*** Exercise data Section Begins ***
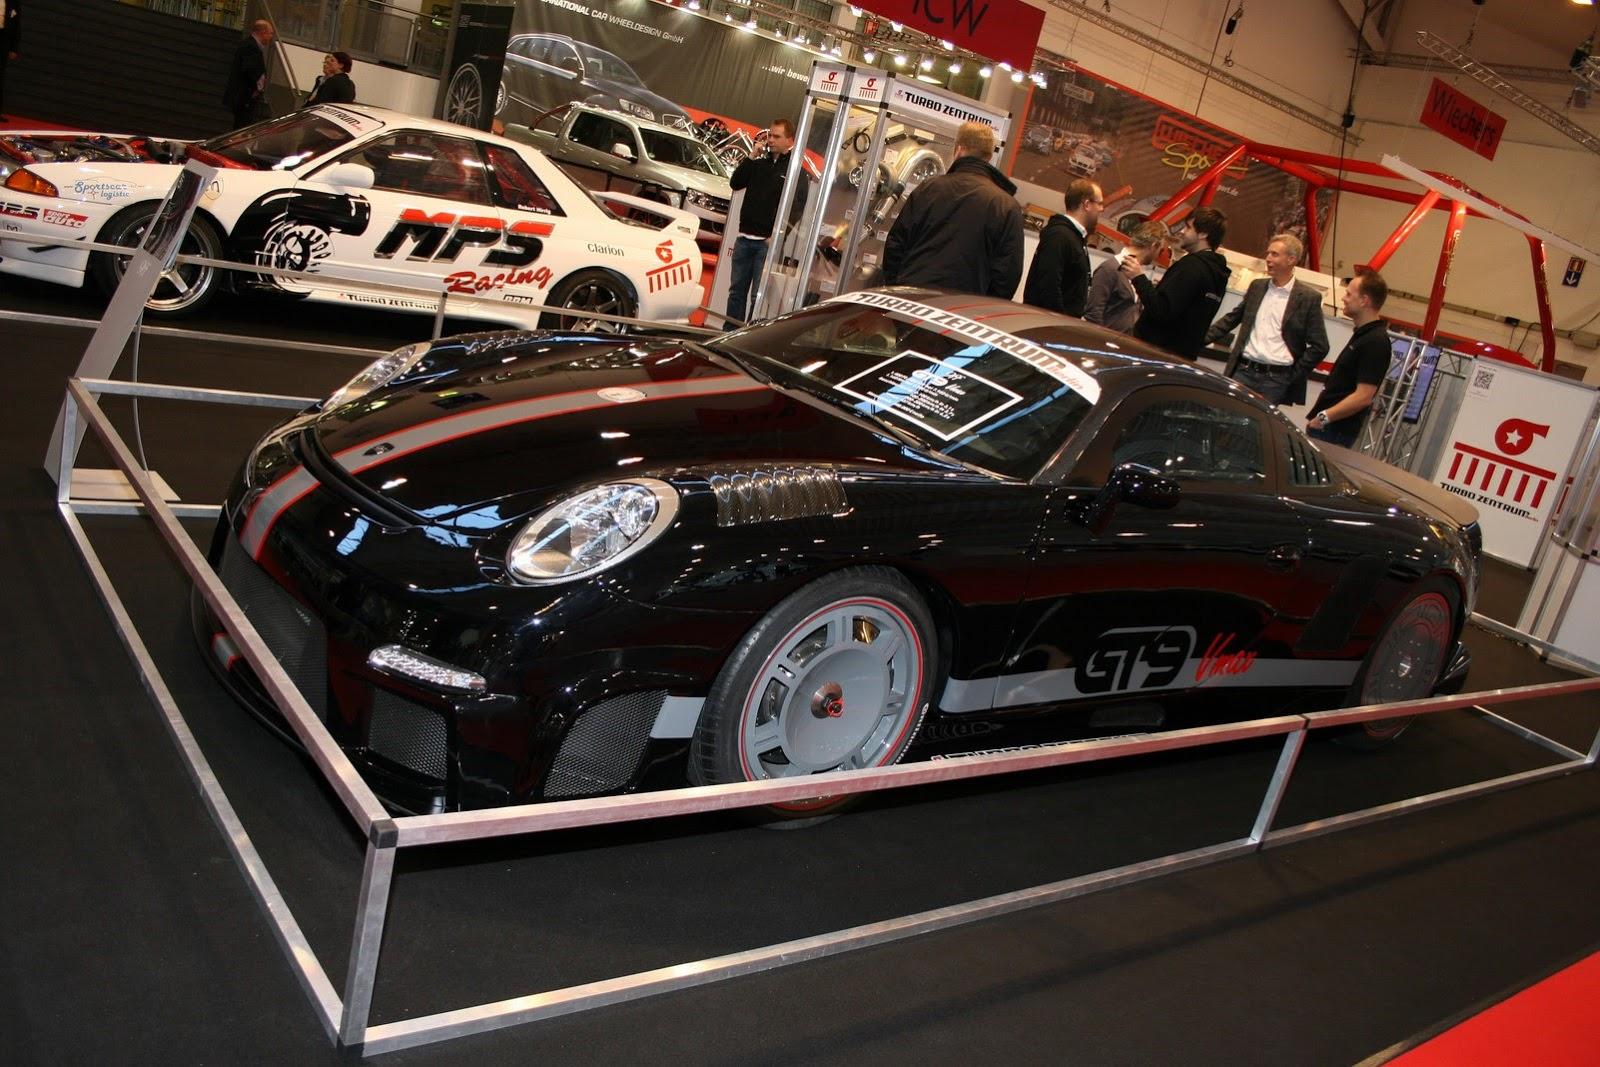 2013 9ff-GT9 Vmax
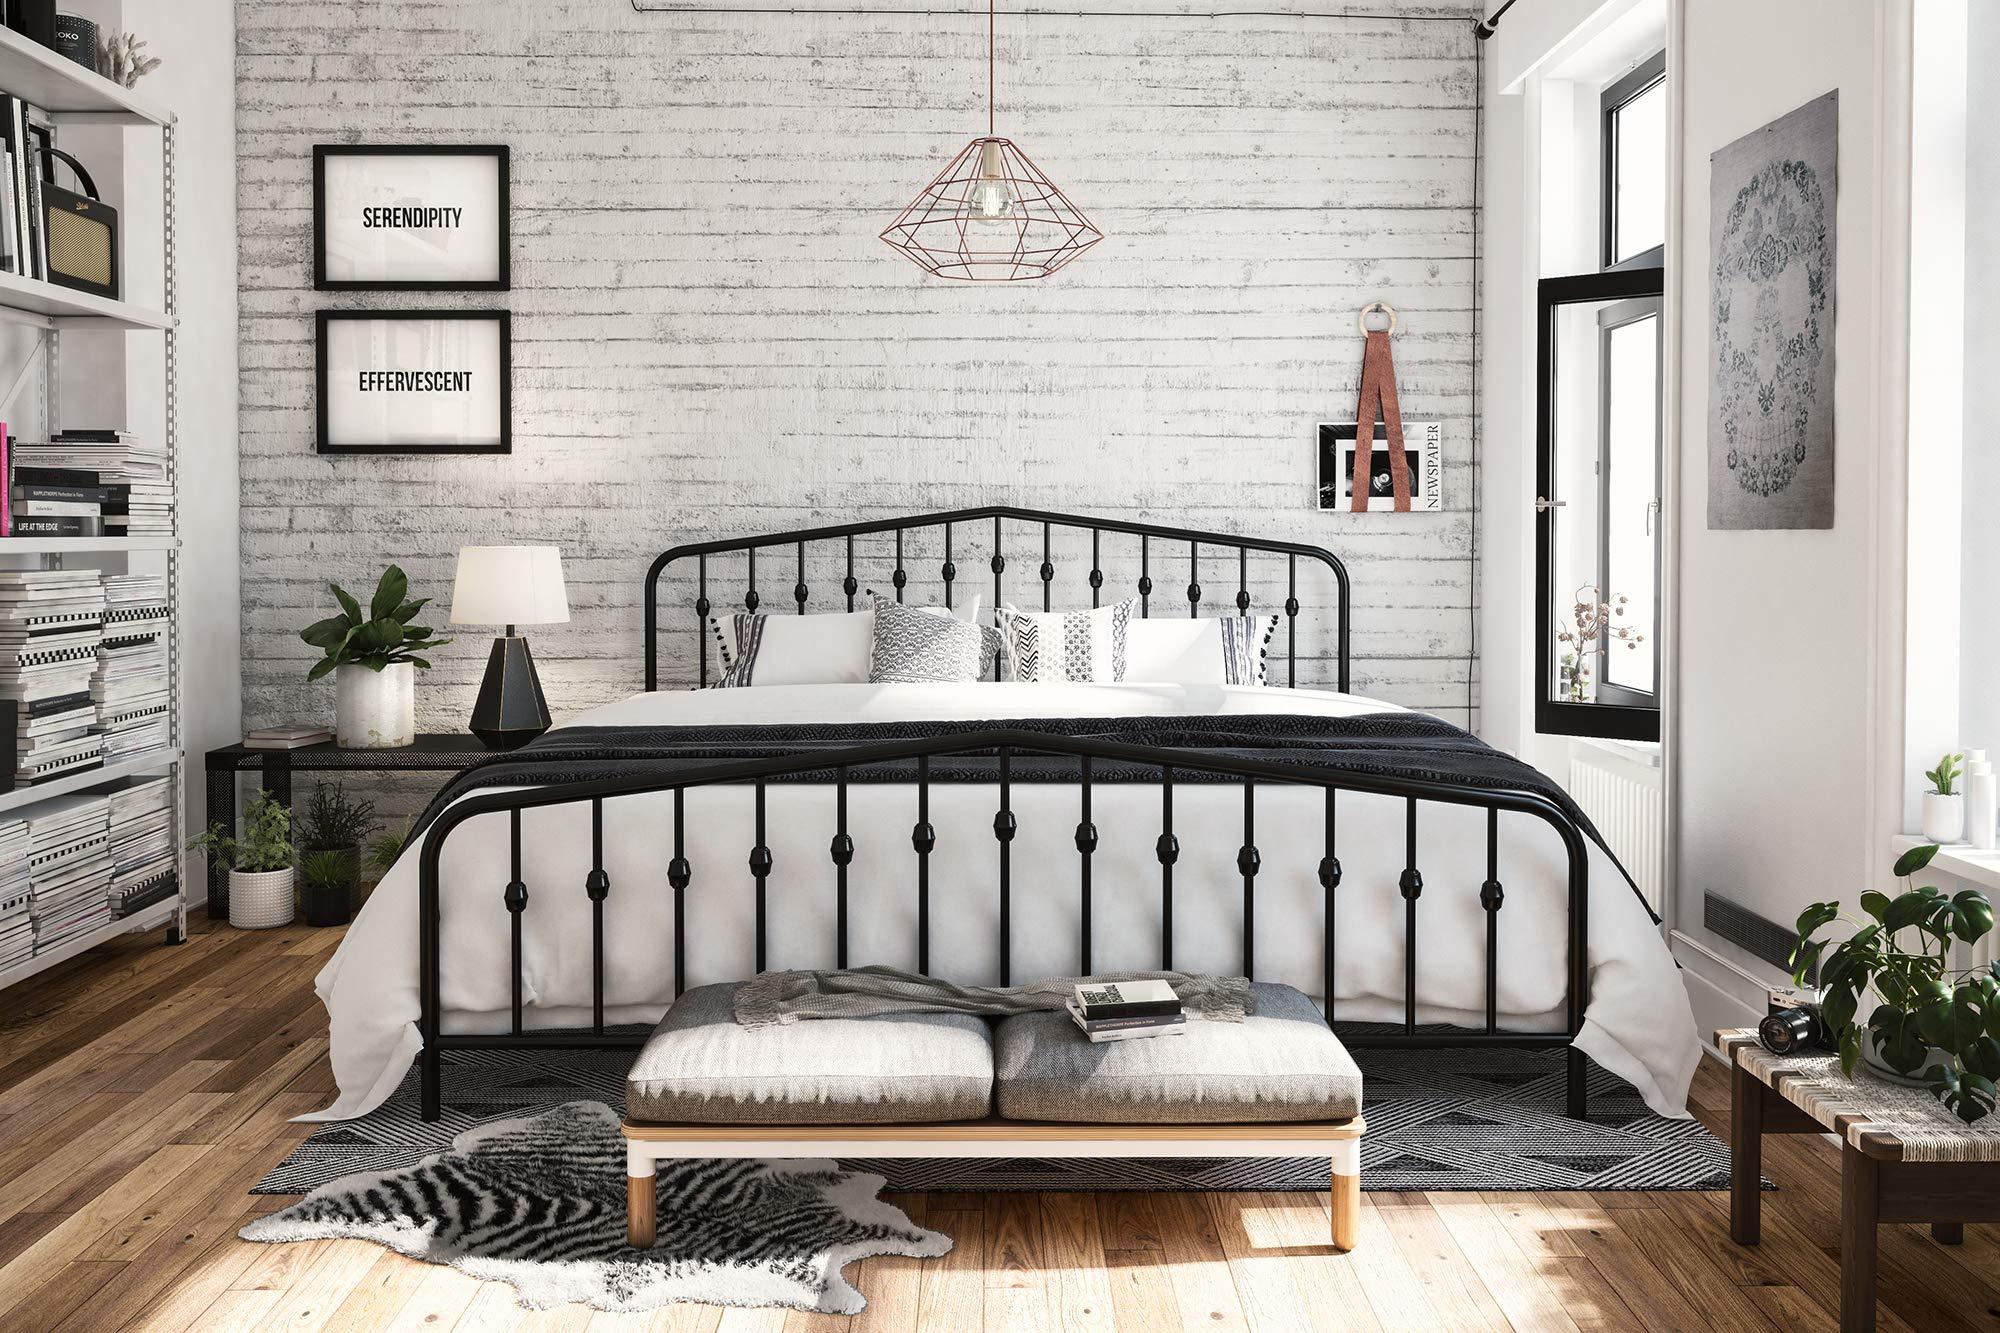 Novogratz 4044049N Bushwick Metal Bed, King, Black
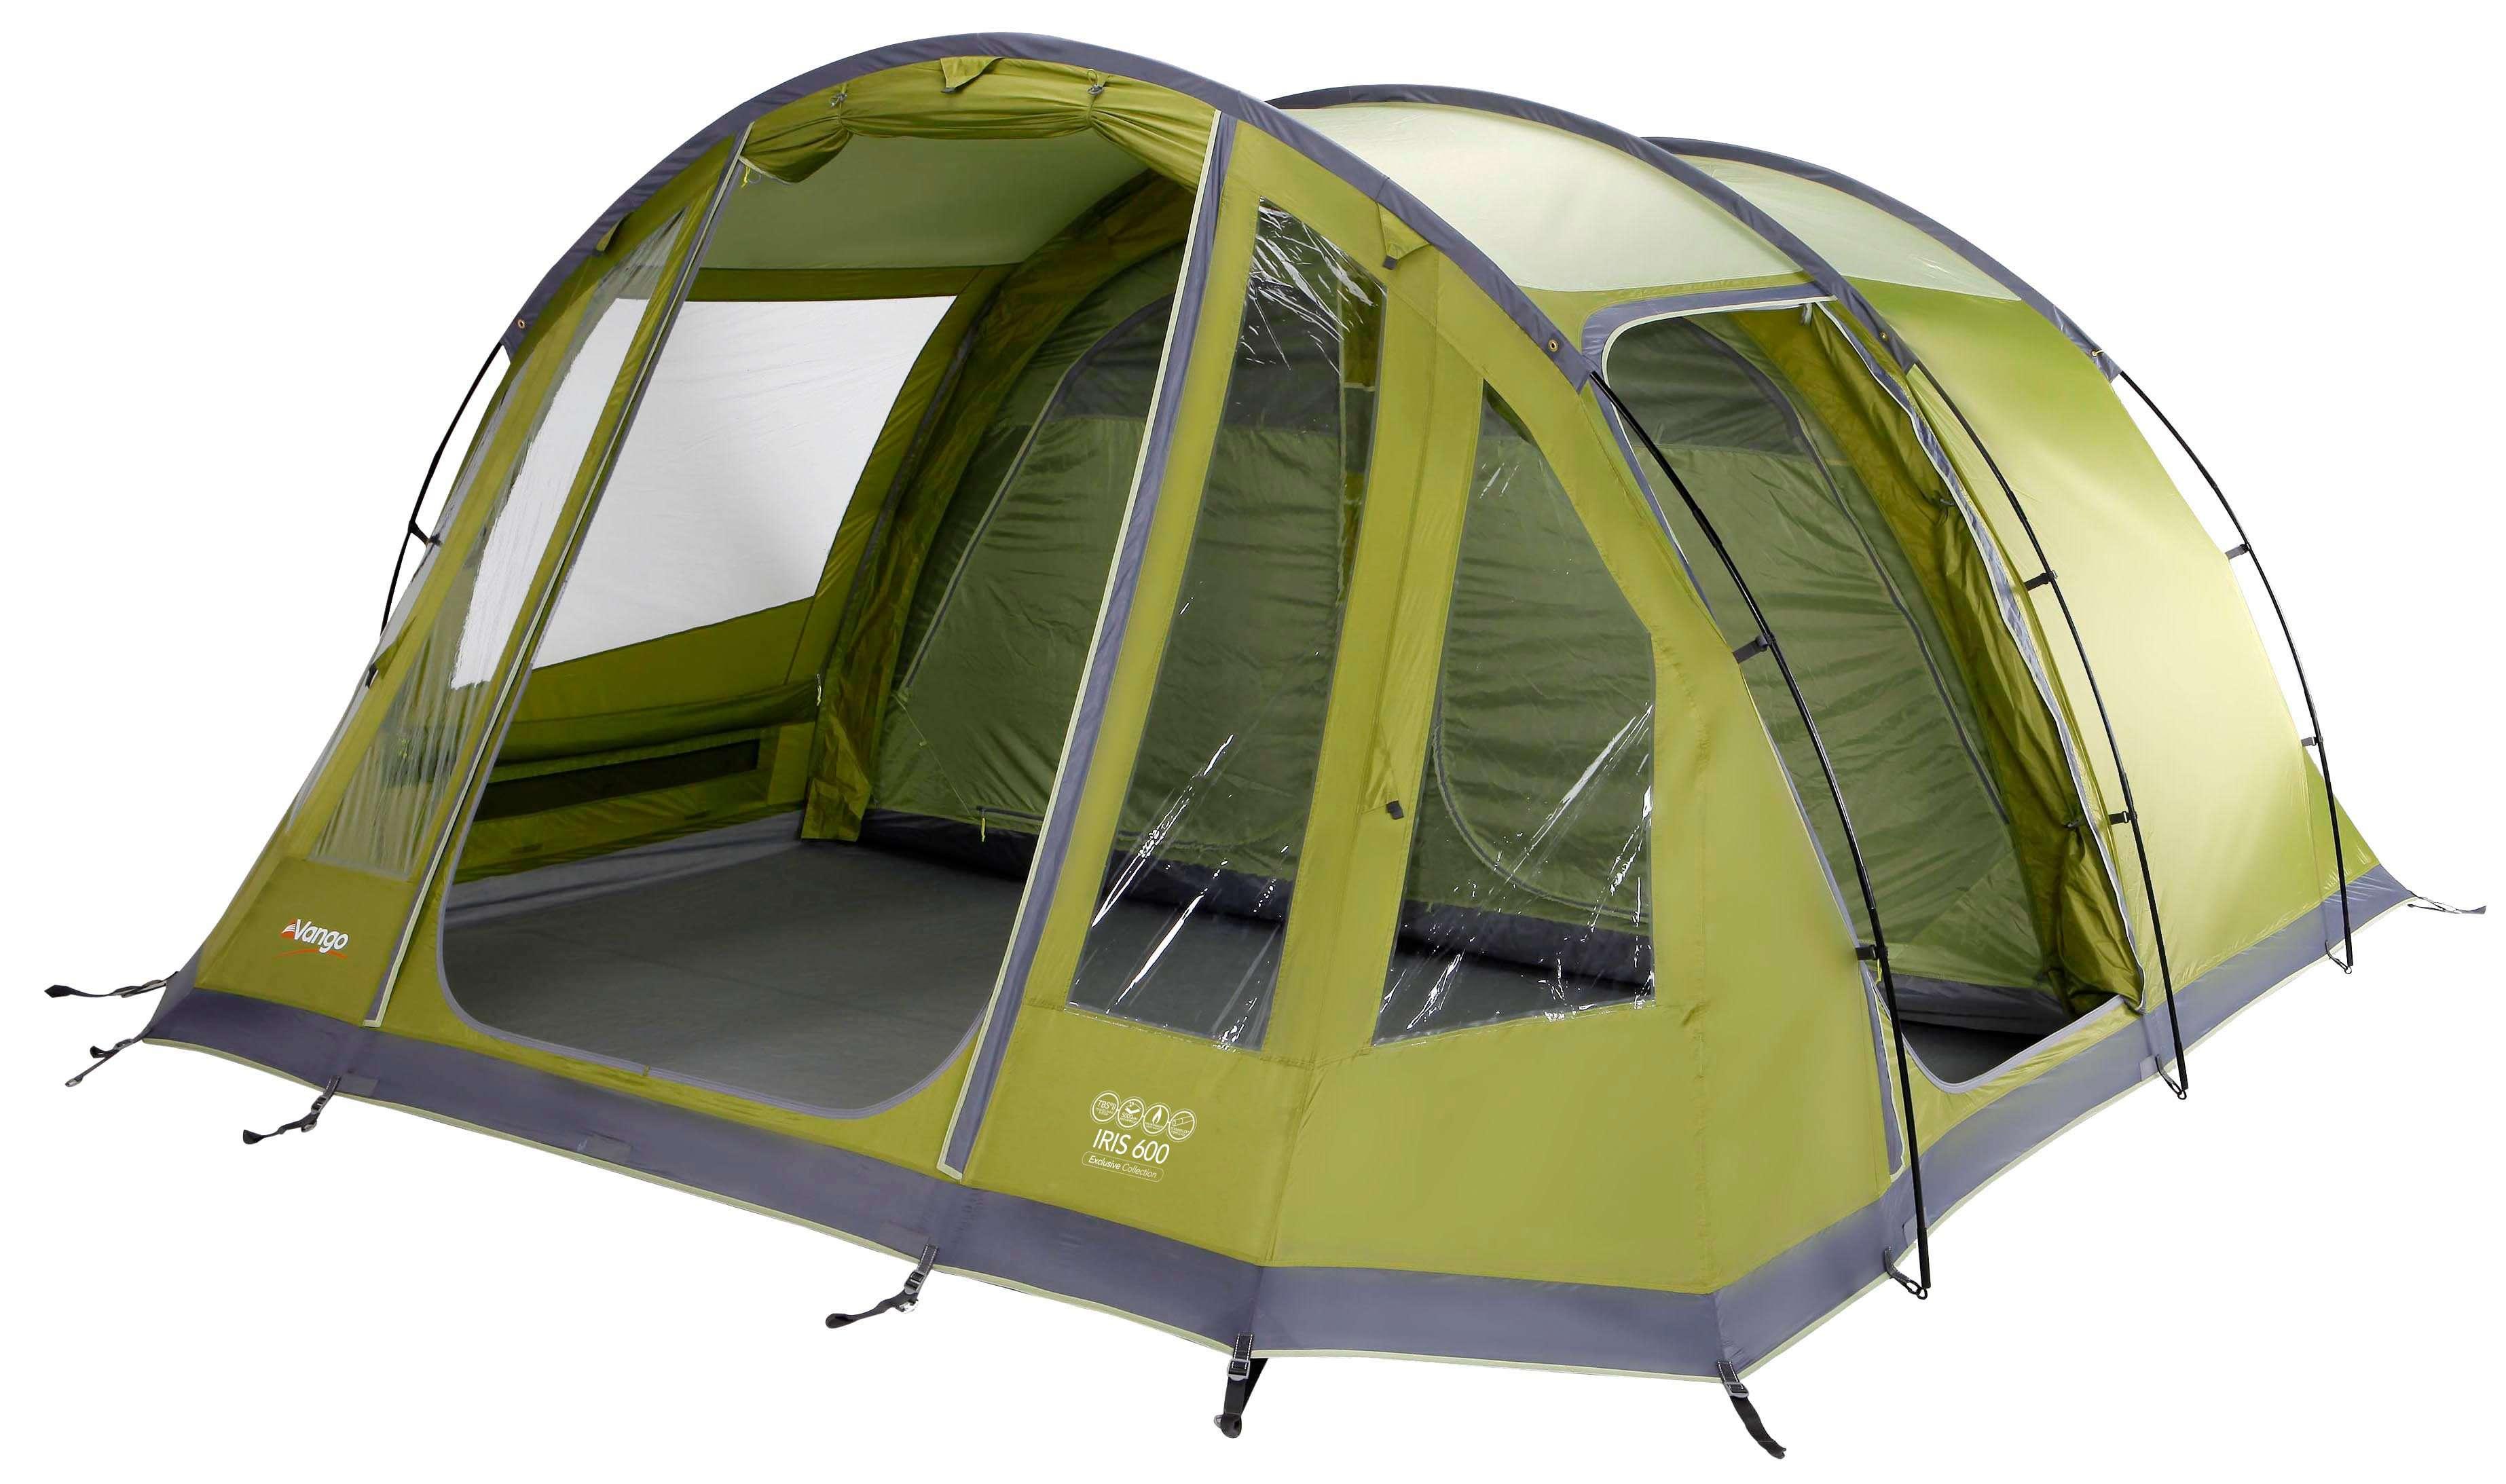 VANGO Iris 600 Family Tent
*** Exercise data Section Ends ***
From the first line to the last, give the data again exactly, but without pictures.

§ **Response below**
 2013 9ff-GT9 Vmax
 Novogratz 4044049N Bushwick Metal Bed, King, Black
 VANGO Iris 600 Family Tent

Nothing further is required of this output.